For (b), even I’m uncertain, as haloalkanes can undergo both sN1 and sN2 nucleophilic substitution. In the sN1 route, you get a carbocation, so a racemate should theoretically form. In the sN2 route, a transition state forms and this means that there is only one place in which the haloalkane is attacked (hence only one enantiomer).
Reply 16
Original post by TypicalNerd
For (c), you’ve got it. It will form both enantiomers in a 1:1 ratio.
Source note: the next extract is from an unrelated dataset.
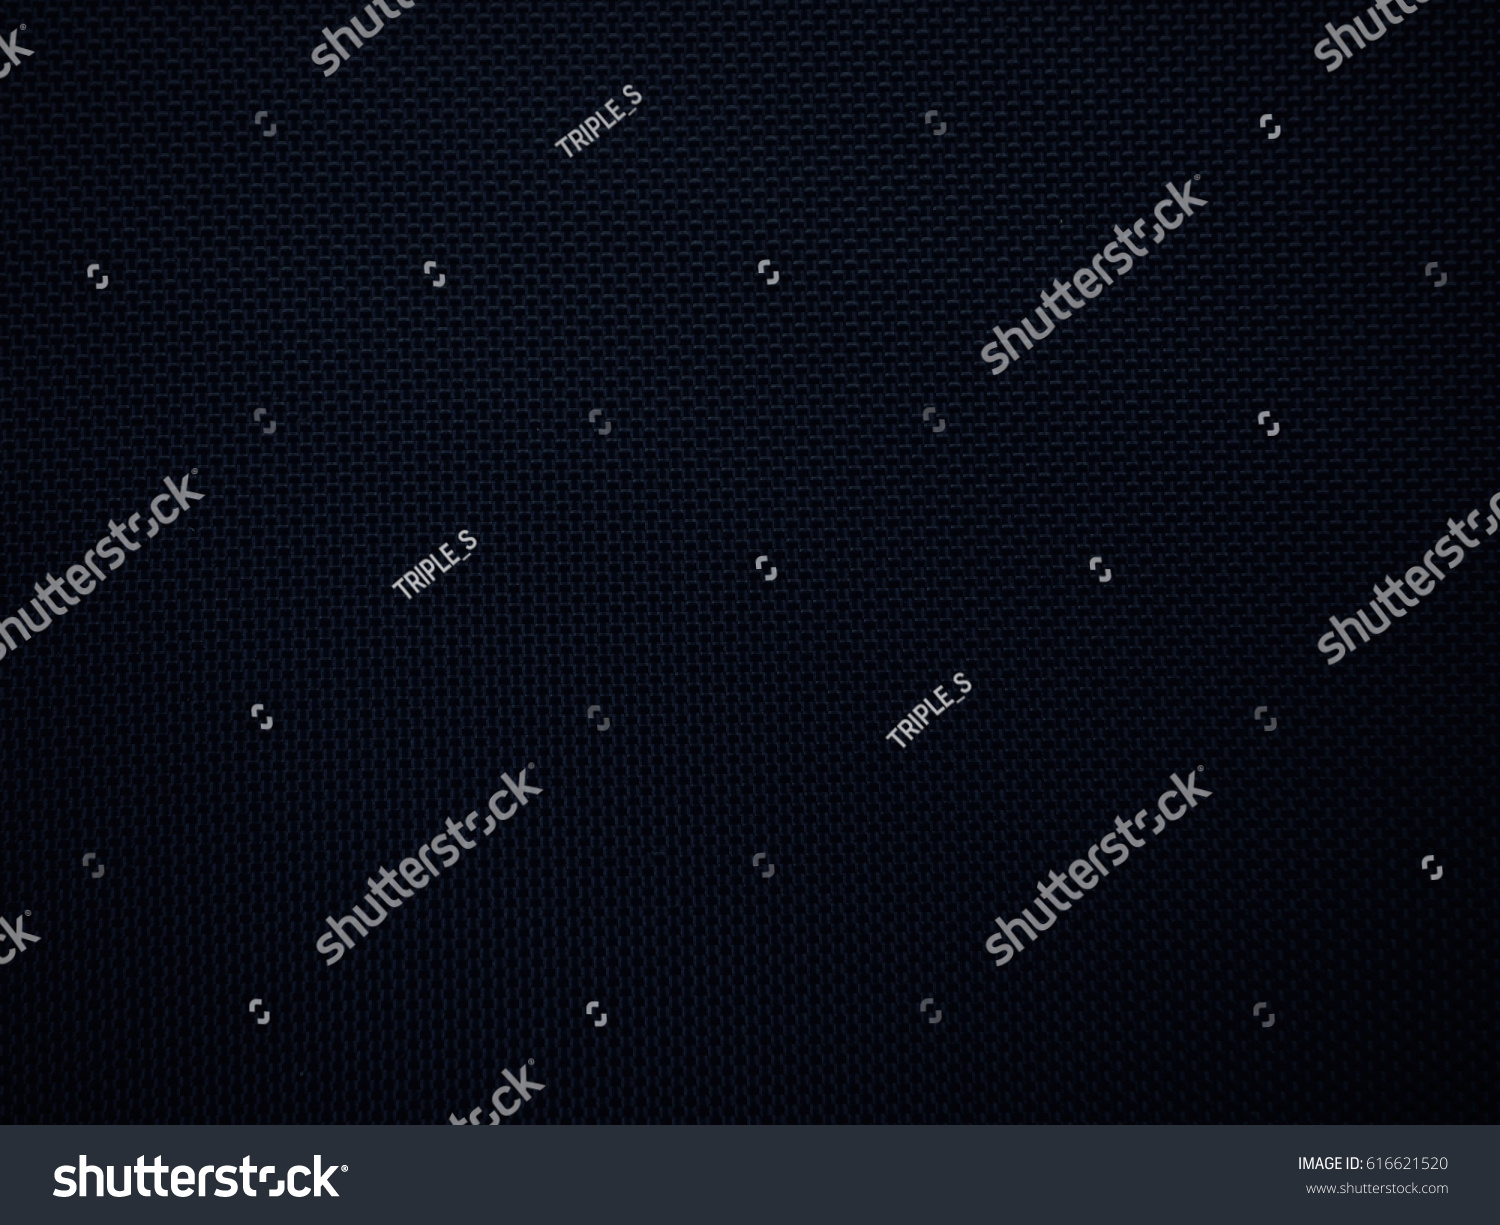 Abstract navy blue color texture on background #616621520

For (b), even I’m uncertain, as haloalkanes can undergo both sN1 and sN2 nucleophilic substitution. In the sN1 route, you get a carbocation, so a racemate should theoretically form. In the sN2 route, a transition state forms and this means that there is only one place in which the haloalkane is attacked (hence only one enantiomer).

this is only a random homework so its not a biggie if lose that mark on b, ill put single enantiomer and hope for the best.
Thanks so much for the help, i was looking at ur profile and saw you got accepted to Oxford, congrats, you clearly deserve it based on how you managed to basically teach me the whole topic just now :biggrin:
Original post by Ace.ms
this is only a random homework so its not a biggie if lose that mark on b, ill put single enantiomer and hope for the best.
Thanks so much for the help, i was looking at ur profile and saw you got accepted to Oxford, congrats, you clearly deserve it based on how you managed to basically teach me the whole topic just now :biggrin:


Thanks for the congratulations.

By any chance, are you doing A level or uni chemistry?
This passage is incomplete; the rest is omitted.